The yeast culture Saccharomyces cerevisiae CNMN-Y-20, grown submerged on beer wort for 24 hours, at a temperature of 25° C, is subjected to the action of millimeter waves with a frequency of 53.3 GHz, emitted continuously, for 30 min . After irradiation, the seed material (2x106 cells ml-1), in a concentration of 5% on a volumetric basis, is transferred to the sterile Rieder nutrient medium with the following composition, g L-1: glucose - 30.0; (NH4)2SO4 - 3.0; MgSO4·7H2O - 0.7; KH2PO4 - 1.0; NaCl - 0.5; Ca(NO3)2 - 0.4; yeast autolysate - 10 ml; drinking water - 1000 ml. Cultivation is carried out under conditions of continuous agitation (200 rpm), in Erlenmayer flasks with a capacity of 1.0 L, at a temperature of 25°C, duration of cultivation - 120 hours.

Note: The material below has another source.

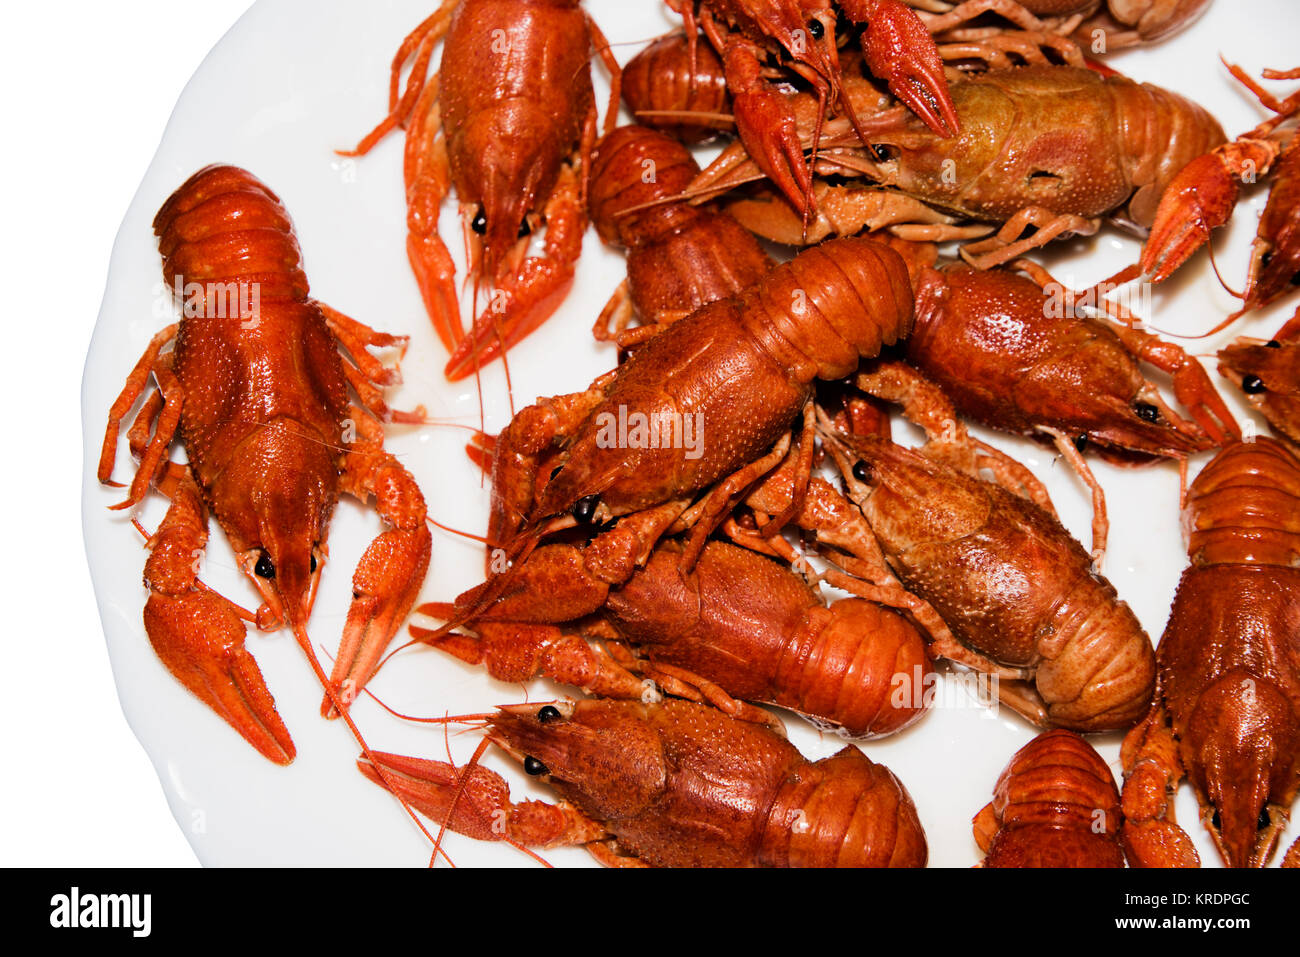 Alive crayfish isolated on white background. Stock Photo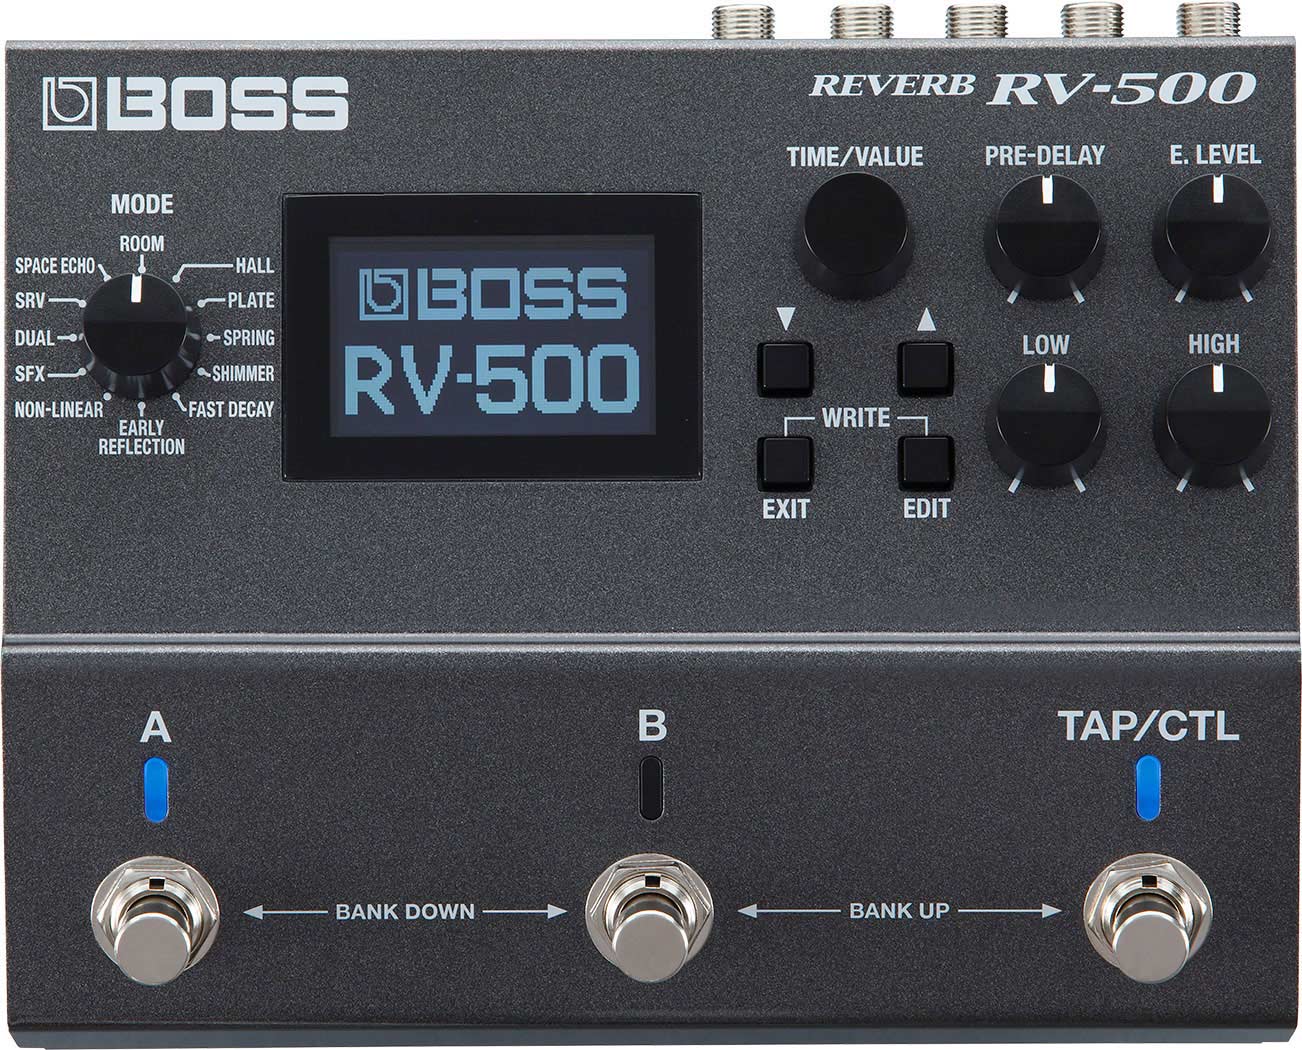 BOSS RV-500 - REVERB

The content of β-glucans is 23.99±0.91% in dry biomass, which exceeds by 6.6% the content determined when growing the stem under close conditions.

Table

The influence of ultrahigh intensity millimeter waves on the biosynthesis of β-glucans in the strain Saccharomyces cerevisiae CNMN-Y- 20

Variants Duration of irradiation, min YPD culture medium Rieder culture medium Content of β-glucans, % in B.U. X±xS % compared to the nearest solution Spor, % The content of β-glucans, % in B.U. X±xS % compared to the closest solution Spor, % 53.3 GHz* 10 19.36±0.53 125.8 25.8 21.76±0.43 - - The closest solution * * 15.38 ±0.14 100 - 22.50±1.41 100 - 53.3 GHz* 20 19.34±0.82 125.7 25.7 26.43±0.73 117.5 17.5 The best solution close * * 15.38±0.14 100 22.50±1.41 100 - 53.3 GHz* 30 19.11±3.25 124.2 24.2 23.99±0.91 106.6 6 ,6 The closest solution * * 15.38±0.14 100 22.50±1.41 100 -

* Yeast culture irradiated with millimeter waves of extra high intensity

** Yeast culture not irradiated with extra high intensity millimeter waves

X±xS indicates the mean value and standard deviation

1. Desai Kiran M. Bhalchandra K. Vaidya, Rekha S. Singhal, Sunil S. Bhagwat. Use of an artificial neural network in modeling yeast biomass and yield of b-glucan. Process Biochemistry, 2005, 40, pp. 1617-1626

2. MD 4048 B1 2010.06.30

Claims (1)

Cultivation process of the yeast strain Saccharomyces cerevisiae CNMN-Y-20, which consists in cultivating the yeasts on beer wort for 24 hours, at a temperature of 25°C, then irradiating them with millimeter waves with a frequency of 53, 3 GHz, emitted continuously for 20 min, after which the yeast culture, with a concentration of 2x106 cells/ml, is transferred to the sterile nutrient medium YPD or Rieder in an amount of 5%vol. and cultivated in depth under conditions of continuous stirring of 200 r.p.m., at a temperature of 25°C, for 120 hours.